Monitor containerd Health with the Built-In Health Check API (2026)

The most surprising thing about containerd’s health check API is that it doesn’t actually do the checking itself; it’s a declarative contract for other systems to use.

Let’s see it in action. Imagine you’ve got a simple web service running in a container. We’ll define its health check in the container’s runtime configuration.

version: "2.0"

plugins:
  - name: io.containerd.grpc.v1.cri
    module: io.containerd.grpc.v1
    config: {}

containers:
  - id: my-web-app
    image: docker.io/library/nginx:latest
    labels:
      io.containerd.grpc.v1.cri.image-name: docker.io/library/nginx:latest
    # Here's the health check definition
    linux:
      resources: {}
    # This is the crucial part for health checks
    # We're telling containerd that for the 'my-web-app' container,
    # a 'liveness' probe should be executed by running `wget -qO- http://localhost:80/`
    # inside the container.
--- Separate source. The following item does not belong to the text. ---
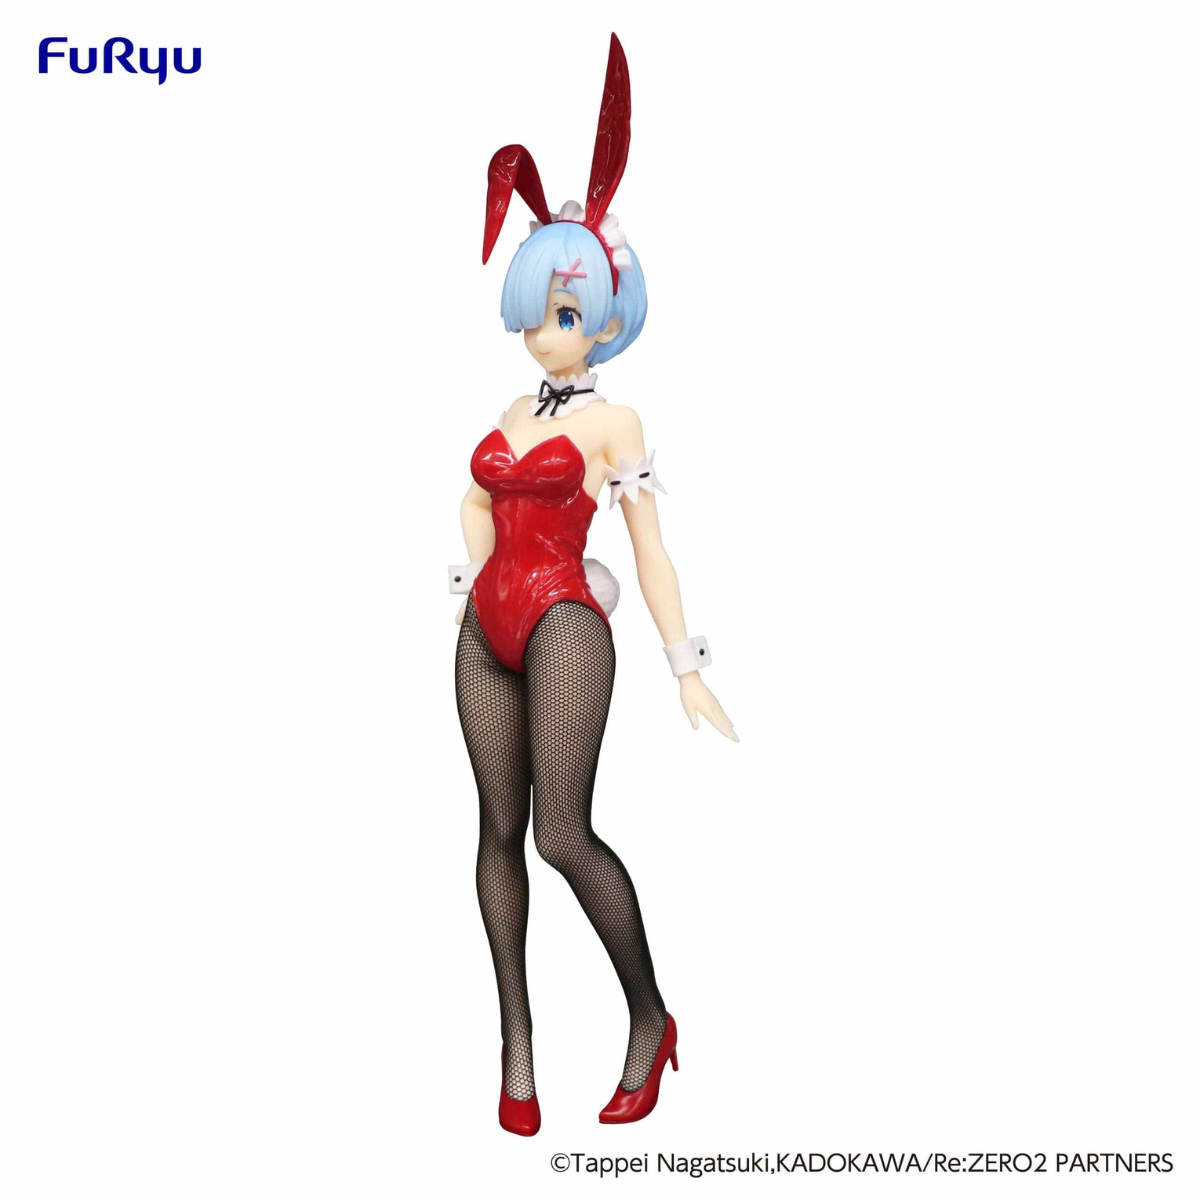 Re:Zero Starting Life in Another World BiCute Bunnies Figure "Rem" (Red Color Ver.)-FuRyu-Ace Cards & Collectibles

It's considered healthy if the exit code is 0.
    # A 'readiness' probe, which determines if a container is ready to serve traffic,
    # is also defined, using the same command.
    # The 'interval' is how often to run the check, 'timeout' is how long to wait,
    # 'retries' is how many times to try before marking as unhealthy, and
    # 'startPeriod' is a grace period after container start before checks begin.
    # In this example, 'startPeriod' is 10 seconds.
    cri:
      # This is the Kubernetes-style configuration that containerd's CRI plugin understands.
      # The 'livenessProbe' and 'readinessProbe' are standard Kubernetes terms.
      # 'exec' specifies that the probe should be an exec command.
      # 'command' lists the arguments for the command.
      # 'failureThreshold' and 'successThreshold' are also standard Kubernetes probe terms.
      # 'initialDelaySeconds' is equivalent to 'startPeriod' in the containerd config.
      # The 'periodSeconds' is equivalent to 'interval'.
      # 'timeoutSeconds' is equivalent to 'timeout'.
      livenessProbe:
        exec:
          command: ["wget", "-qO-", "http://localhost:80/"]
        initialDelaySeconds: 10
        periodSeconds: 5
        timeoutSeconds: 1
        failureThreshold: 3
      readinessProbe:
        exec:
          command: ["wget", "-qO-", "http://localhost:80/"]
        initialDelaySeconds: 5
        periodSeconds: 5
        timeoutSeconds: 1
        failureThreshold: 3

When you create a container with these livenessProbe and readinessProbe configurations, containerd doesn’t magically know how to check http://localhost:80/. Instead, it registers these specifications. When a container runtime interface (CRI) implementation like Kubernetes or a custom one using containerd’s API polls containerd for container status, it can then use these declared probes. The CRI implementation will execute the specified command (wget -qO- http://localhost:80/ in this case) inside the container at the defined intervals. If the command exits with a non-zero status code, the probe fails.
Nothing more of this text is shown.